You gave me the wrong number last night so I texted someone else something I definitely shouldn't have.
i also saw a trio of peacocks walking along a sidewalk in hollywood today. i really hope im not tripping.
If your 8 lb baby was ham it would serve 6-8 people
You better get here soon. I'm about to spend $30 on a cactus online
Fuck Spring. The birds chirping at 4am make me feel unnatural for still being up and drunk.
I needed a test subject that didn't know any of my friends so that if i screwed up no one would really know or spread rumours about how it was the worst bj ever
She straight up told me, "I don't care if he films as long as he's quiet." You sure you can't find the camera?
I think I'm goin to jail but either way I had a blast.

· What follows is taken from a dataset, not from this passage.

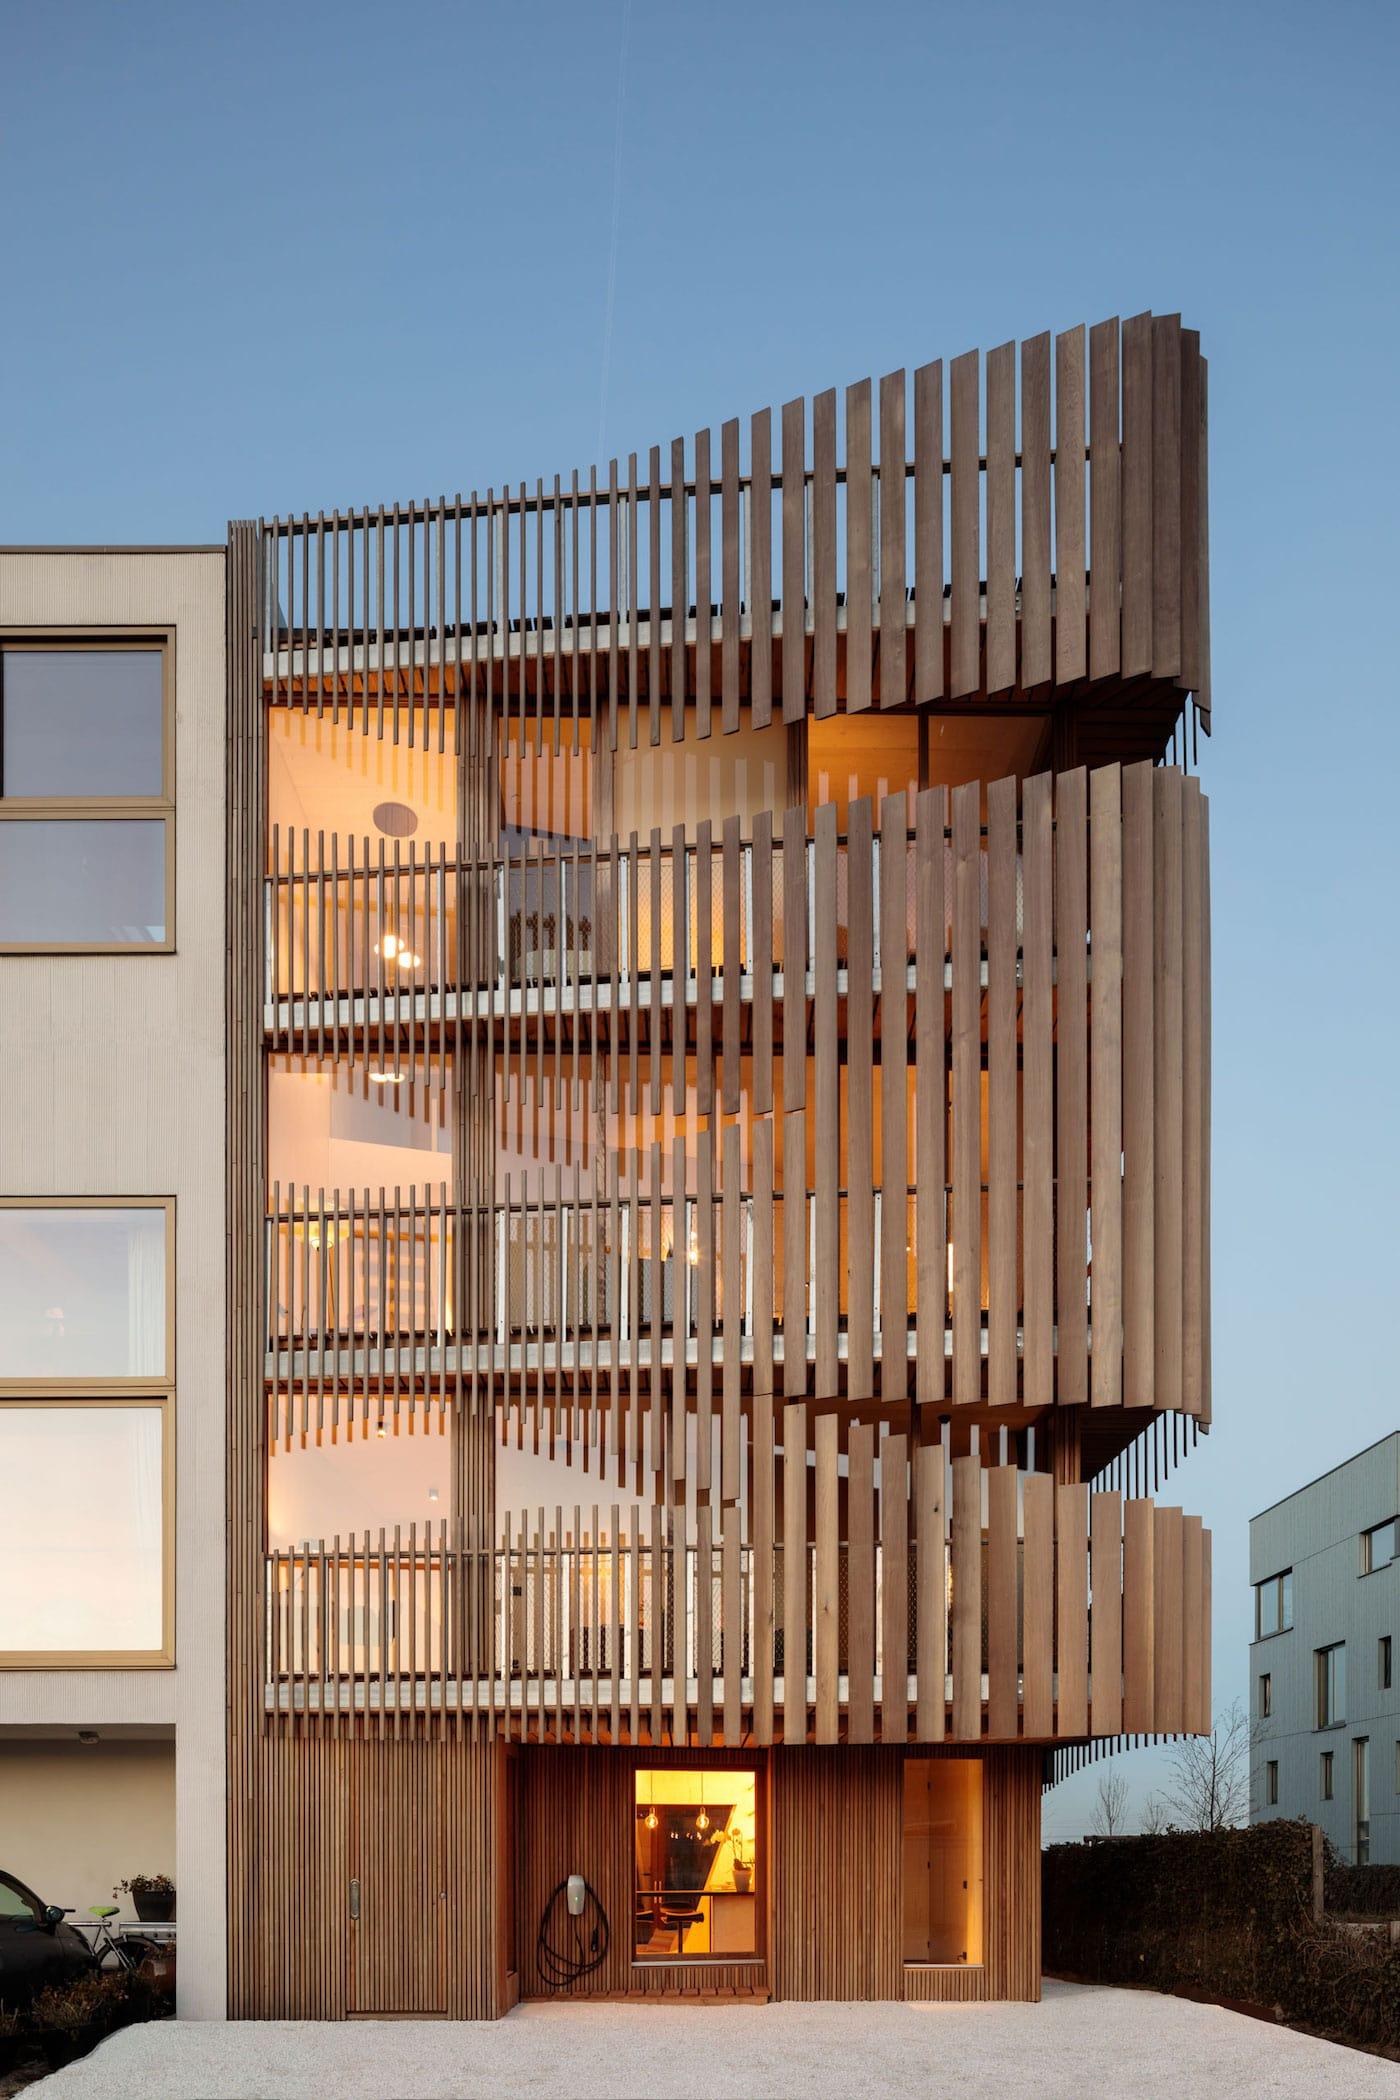 Timber screen building exterior

I told him i turn boys gay hoping that would scare him off. Finally i found a way to take advantage of my disability.
I didn't know what to do so I panicked and puked in my pillowcase with my pillow still inside.
it was also funny because at one point I woke up with my hands tied with a belt and we were both like what the fuck
did i just see you in the movie theater carrying a margarita into Frozen?
All the 6 year olds are jealous of my alcohol
I may or may not have hooked up with the cop who arrested me.. Or I can cross hooking up with a stripper in a cop outfit off my bucket list.
I am watching xfiles and eating microwaved cookiedough, and I see nothing wrong with it.
I know. I know. He'll be weekday dick.